Attila Fazekas afazekas at redhat.com
Mon May 11 13:58:01 UTC 2015





----- Original Message -----
> From: "John Garbutt" <john at johngarbutt.com>
> To: "OpenStack Development Mailing List (not for usage questions)" <openstack-dev at lists.openstack.org>
> Cc: "Dan Smith" <dms at danplanet.com>
> Sent: Saturday, May 9, 2015 12:45:26 PM
> Subject: Re: [openstack-dev] [all] Replace mysql-python with mysqlclient
> 
> On 30 April 2015 at 18:54, Mike Bayer <mbayer at redhat.com> wrote:
> > On 4/30/15 11:16 AM, Dan Smith wrote:
> >>> There is an open discussion to replace mysql-python with PyMySQL, but
> >>> PyMySQL has worse performance:
> >>>
> >>> https://wiki.openstack.org/wiki/PyMySQL_evaluation
> >>
> >> My major concern with not moving to something different (i.e. not based
> >> on the C library) is the threading problem. Especially as we move in the
> >> direction of cellsv2 in nova, not blocking the process while waiting for
> >> a reply from mysql is going to be critical.
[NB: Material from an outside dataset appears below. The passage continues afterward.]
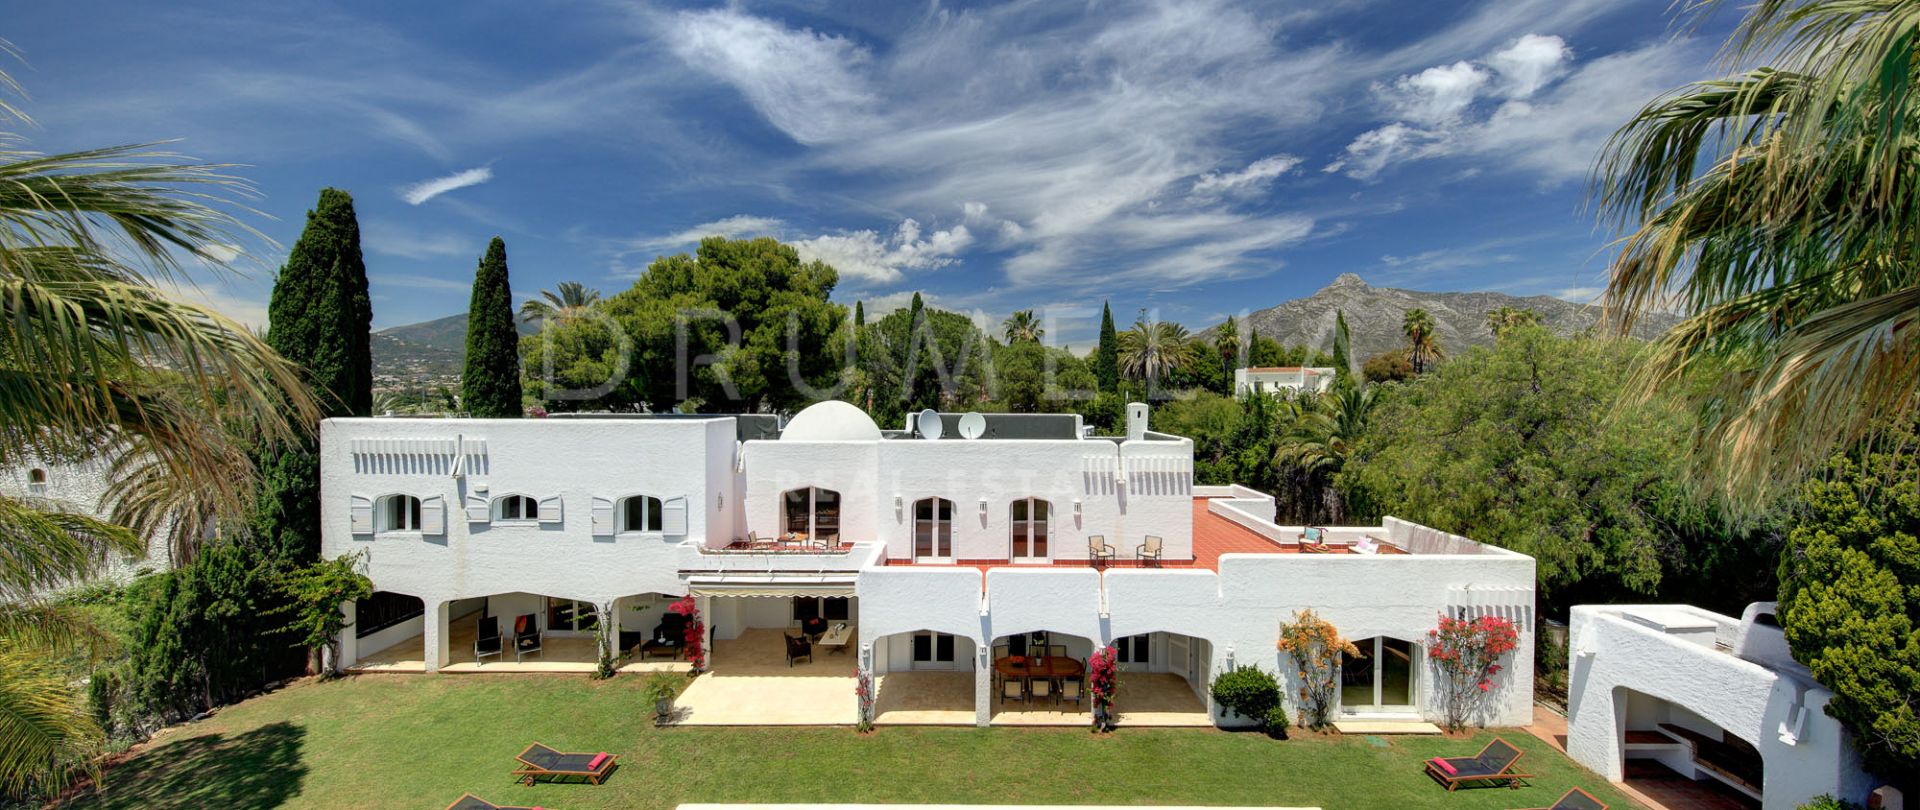 Vackert lyxigt hus i andalusisk stil i Atalaya de Rio Verde, Nueva Andalucía, Marbella
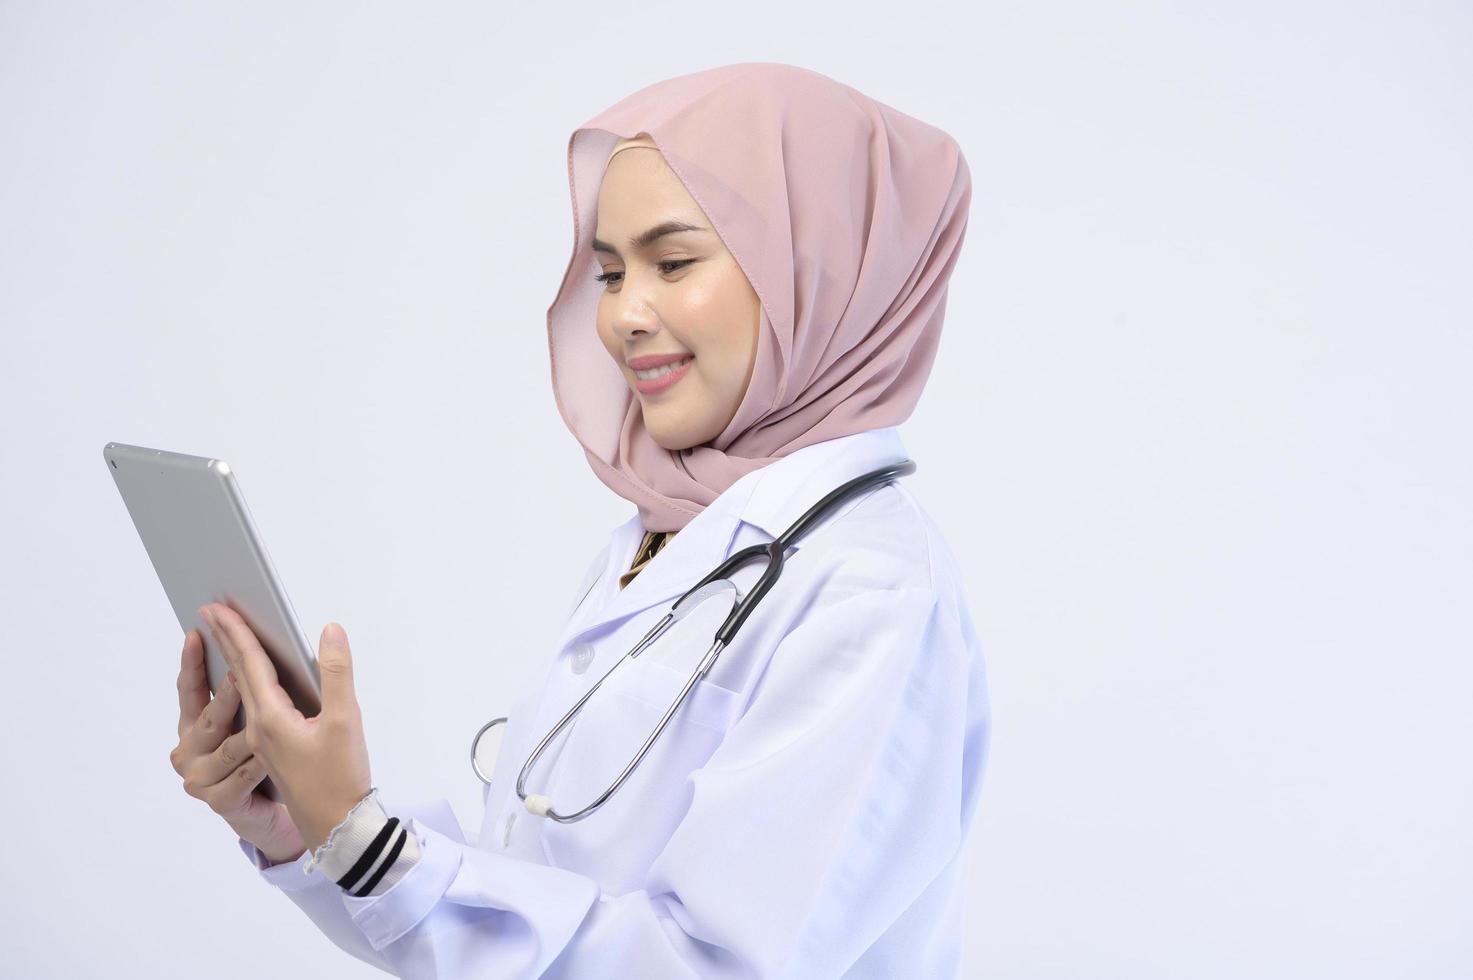 femme médecin musulmane avec hijab sur fond blanc studio. photo

Further, I think that we're
> >> likely to get back a lot of performance from a supports-eventlet
> >> database connection because of the parallelism that conductor currently
> >> can only provide in exchange for the footprint of forking into lots of
> >> workers.
> >>
> >> If we're going to move, shouldn't we be looking at something that
> >> supports our threading model?
> >
> > yes, but at the same time, we should change our threading model at the
> > level
> > of where APIs are accessed to refer to a database, at the very least using
> > a
> > threadpool behind eventlet.   CRUD-oriented database access is faster using
> > traditional threads, even in Python, than using an eventlet-like system or
> > using explicit async.  The tests at
> > http://techspot.zzzeek.org/2015/02/15/asynchronous-python-and-databases/
> > show this.    With traditional threads, we can stay on the C-based MySQL
> > APIs and take full advantage of their speed.
> 
> Sorry to go back in time, I wanted to go back to an important point.
> 
> It seems we have three possible approaches:
> * C lib and eventlet, blocks whole process
> * pure python lib, and eventlet, eventlet does its thing
> * go for a C lib and dispatch calls via thread pool

* go with pure C protocol lib, which explicitly using `python patch-able` 
  I/O function (Maybe others like.: threading, mutex, sleep ..)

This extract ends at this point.